Anche per questo si è aggiustato il tiro. Nel 1974 Richard Easterlin ha elaborato una sua ipotesi per cui…
… increasing average income did not raise average well-being…
Una relazione che mette in luce il cosiddetto “paradosso di Easterlin”.
Oggi abbiamo a disposizione molti più dati per valutarne la consistenza.
Ecco cosa hanno riscontrato studi più recenti
… robust positive relationship between well-being and income across countries and over time (Deaton, 2008; Stevenson and Wolfers, 2008; Sacks, Stevenson, and Wolfers, 2013)…
Viste le difficoltà a confermarlo, i ricercatori hanno riformulato il paradosso in termini nuovi (“Easterlin modificato”)…
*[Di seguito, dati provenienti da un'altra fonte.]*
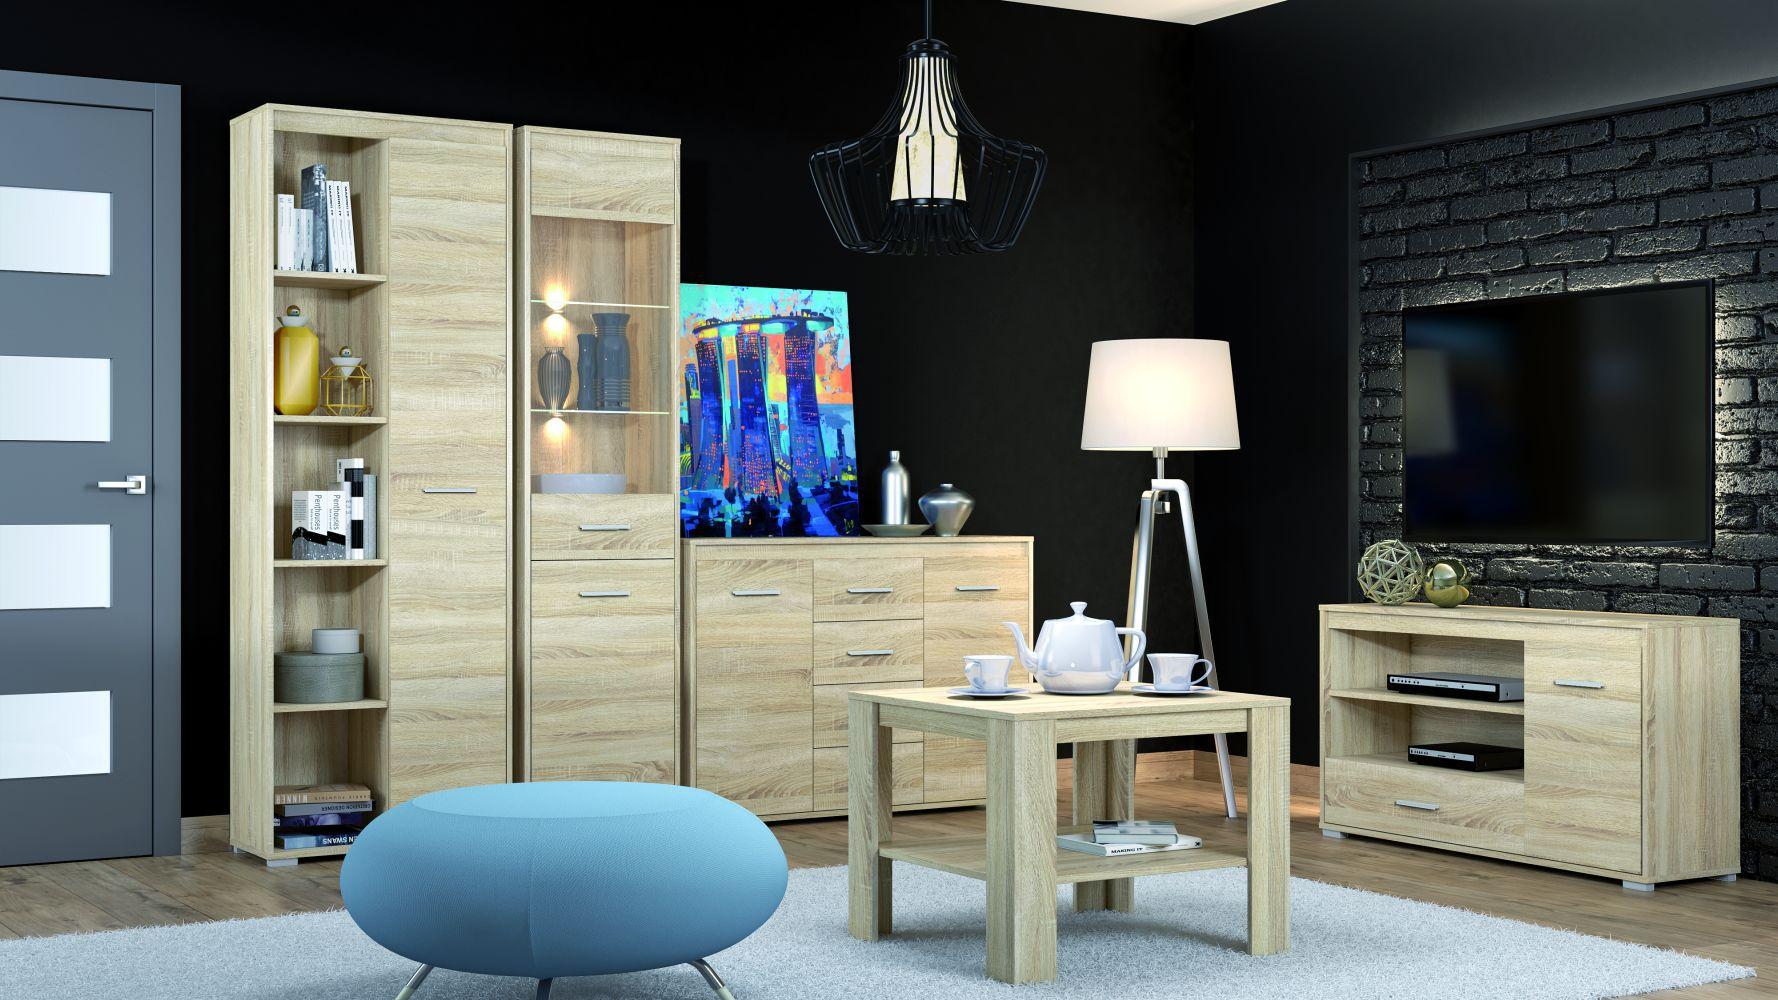 Wohnzimmer Komplett - Set B Mochis, 5-teilig, Farbe: Sonoma Eiche hell inklusive 3 Farbeinsätzen
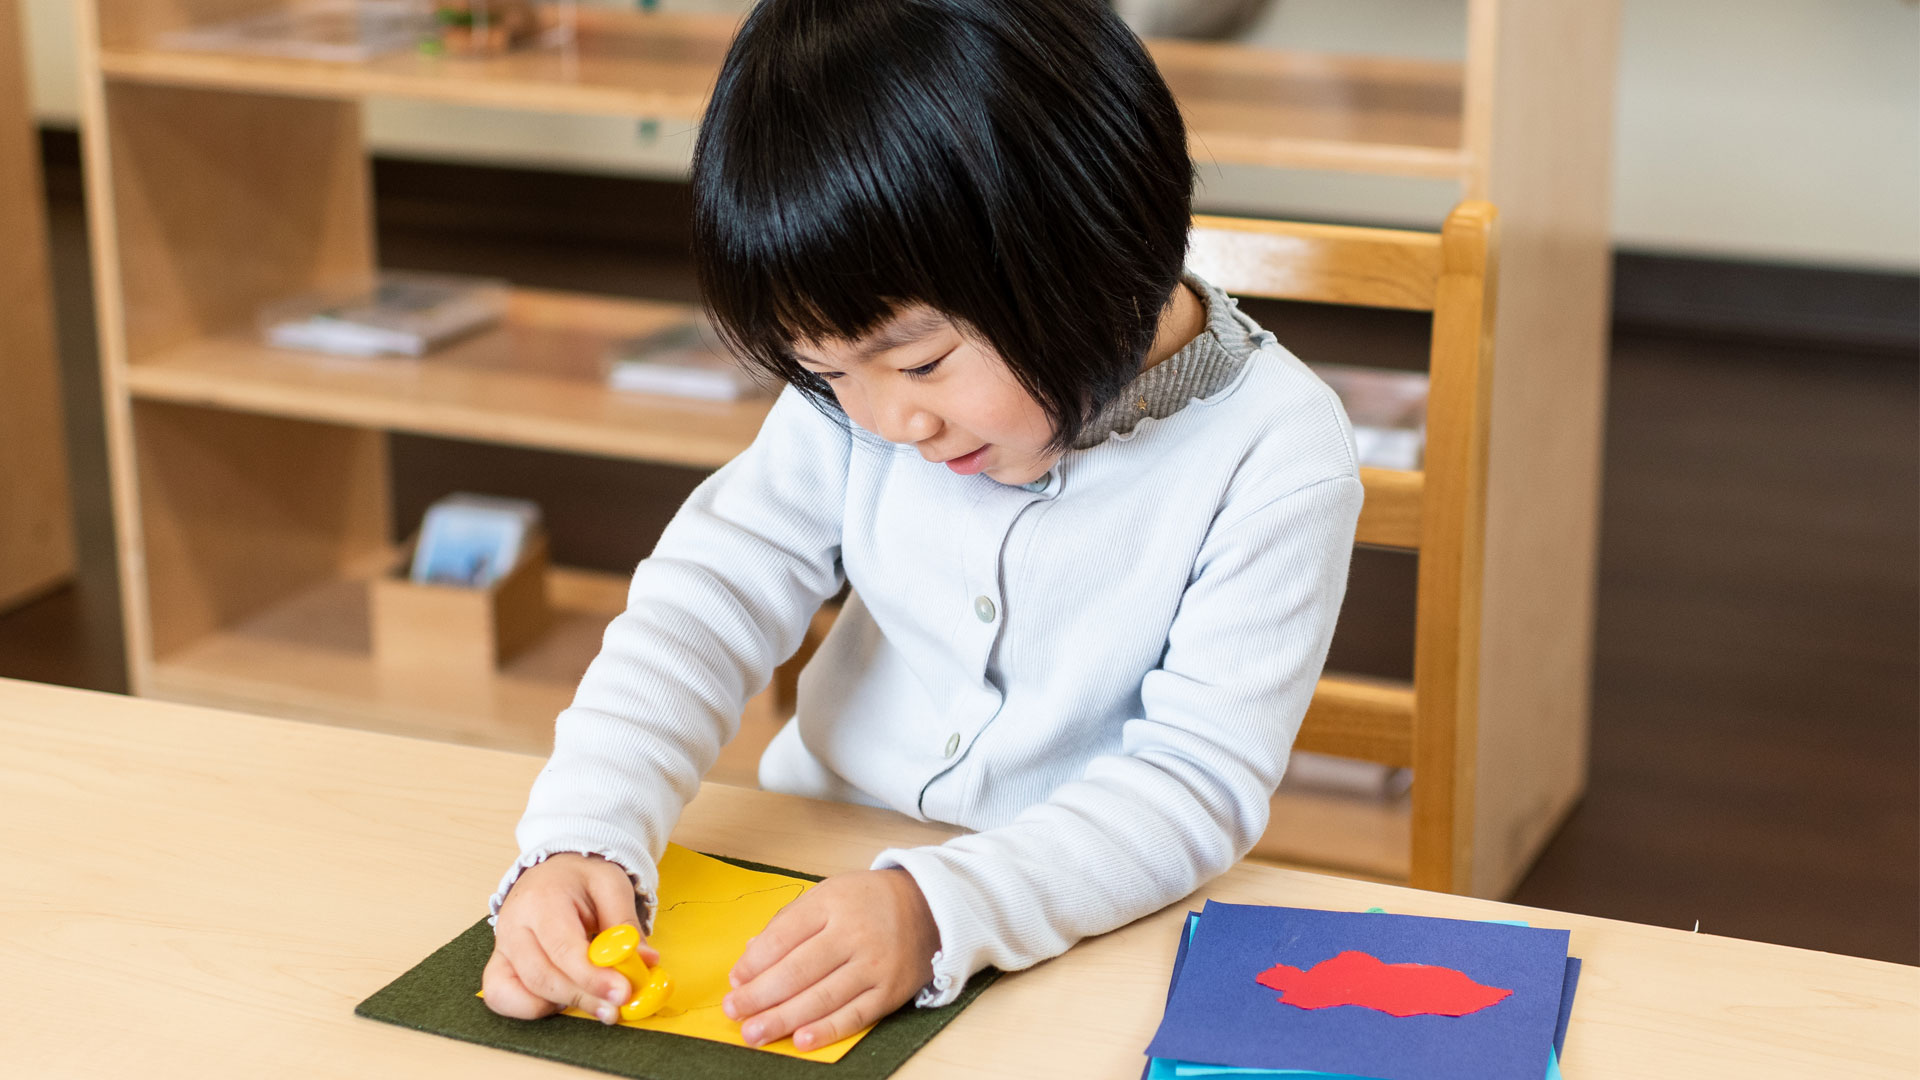 An Asian child

… claiming that beyond a certain income threshold, further income is unrelated to well-being…
Esempio…
… Diener and Seligman (2004, p.5) state that “there are only small increases in well-being” above some threshold
Altri autori…
… Clark, Frijters and Shields (2008, p.123) state more starkly that “greater economic prosperity at some point ceases to buy more happiness,” a similar claim is made by Di Tella and MacCulloch (2008, p.17): “once basic needs have been satisfied, there is full adaptation to further economic growth.”… Layard (2003, p.17) argues that “once a country has over $15,000 per head, its level of happiness appears to be independent of its income;” while in subsequent work he argued for a $20,000 threshold (Layard, 2005 p.32-33). Frey and Stutzer (2002, p.416) claim that “income provides happiness at low levels of development but once a threshold (around $10,000) is reached, the average income level in a country has little effect on average subjective well-being.”…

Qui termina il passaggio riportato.